-- PROBLEM TO WORK ON --
Write the listing out again word for word, excluding any pictures.

-- DATA SEGMENT --

= = = =

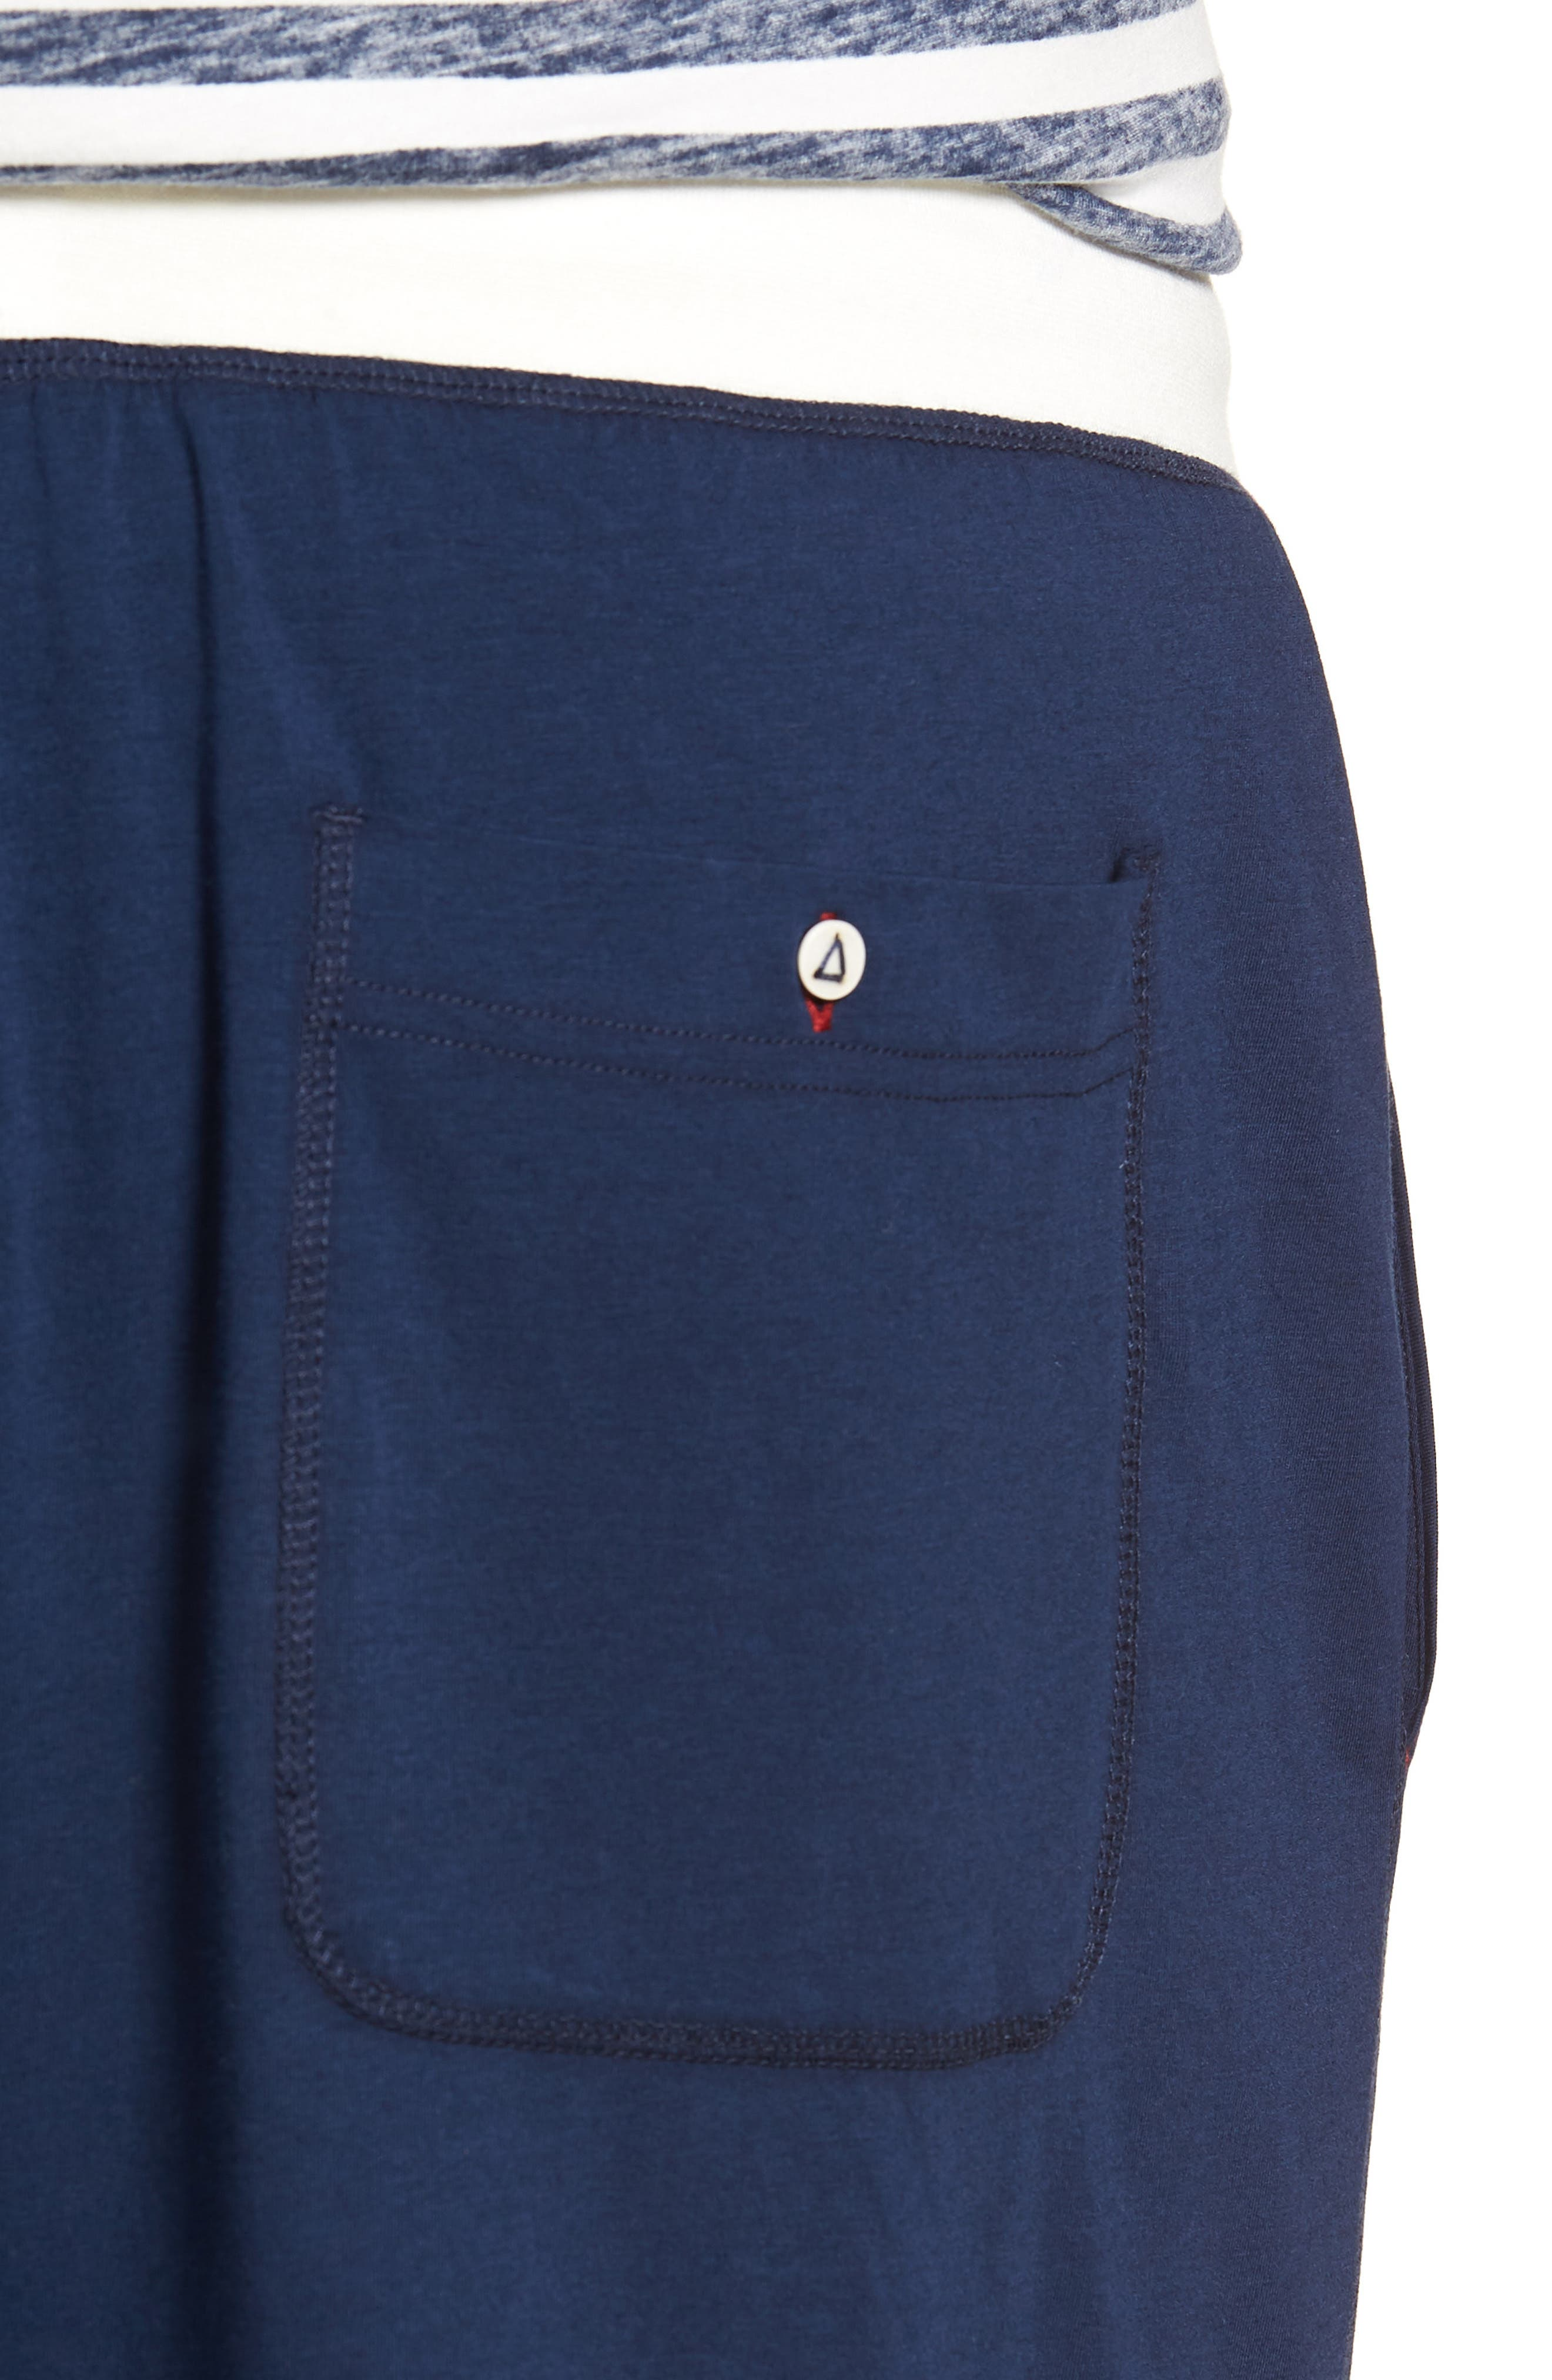 Stretch Cotton & Modal Blend Lounge Pants,                             Alternate thumbnail 4, color,                             NAVY
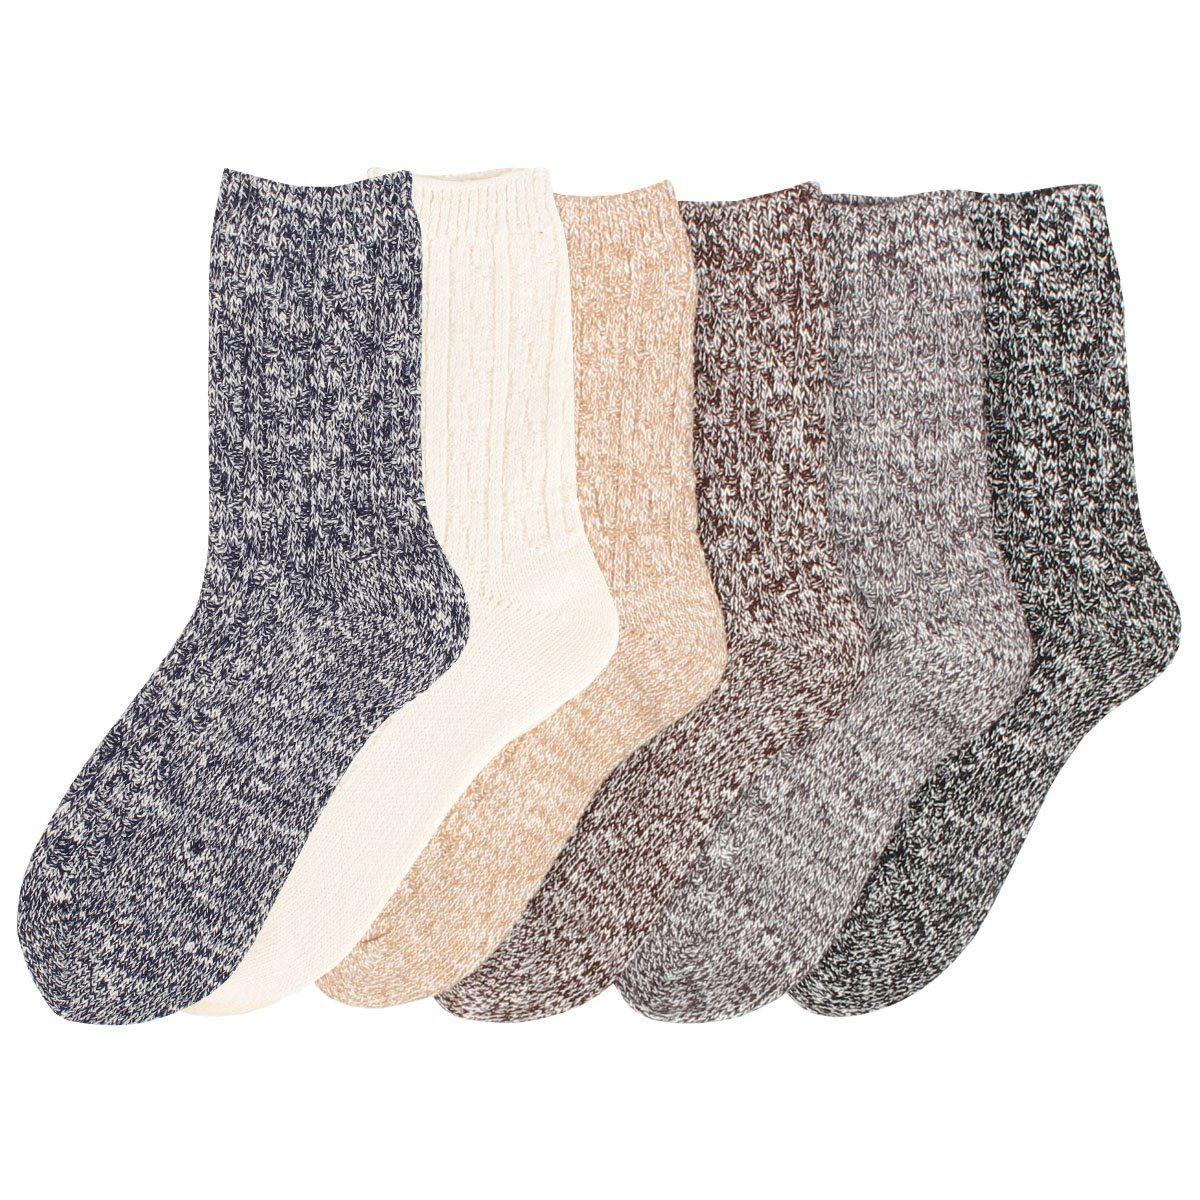 Womens Men Solid Cotton Soft Long Socks Warm Autumn Winter Socks Vintage
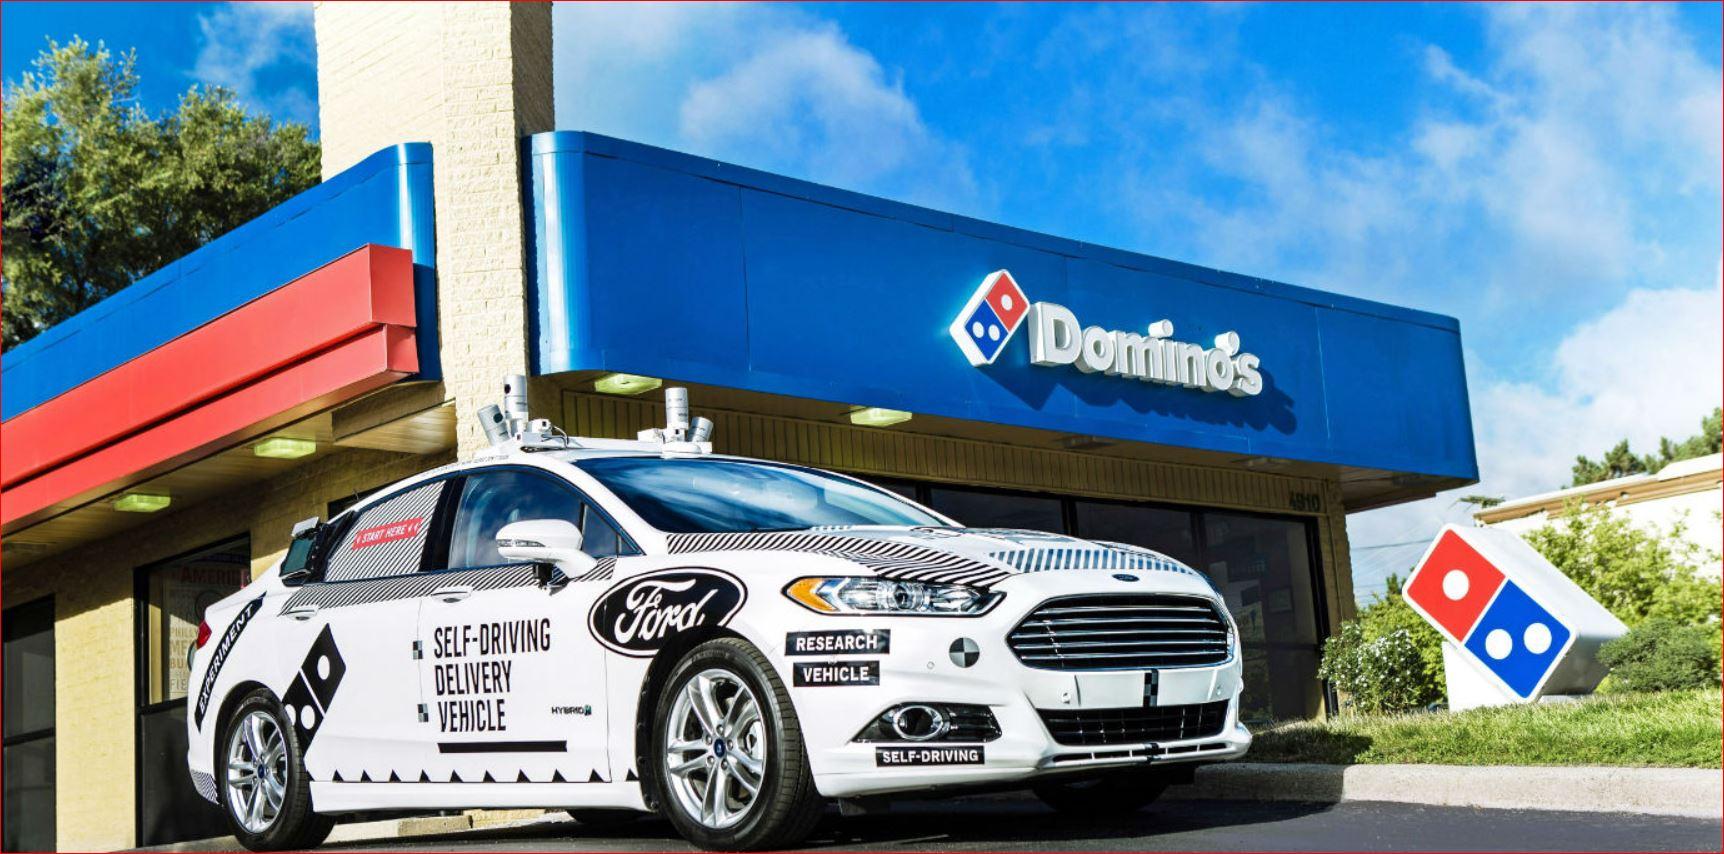 Domino's Pizza Guest Feedback Survey

= = = =

-- RESPONSE TO THIS TASK --
 Stretch Cotton & Modal Blend Lounge Pants,                             Alternate thumbnail 4, color,                             NAVY
 Womens Men Solid Cotton Soft Long Socks Warm Autumn Winter Socks Vintage
 Domino's Pizza Guest Feedback Survey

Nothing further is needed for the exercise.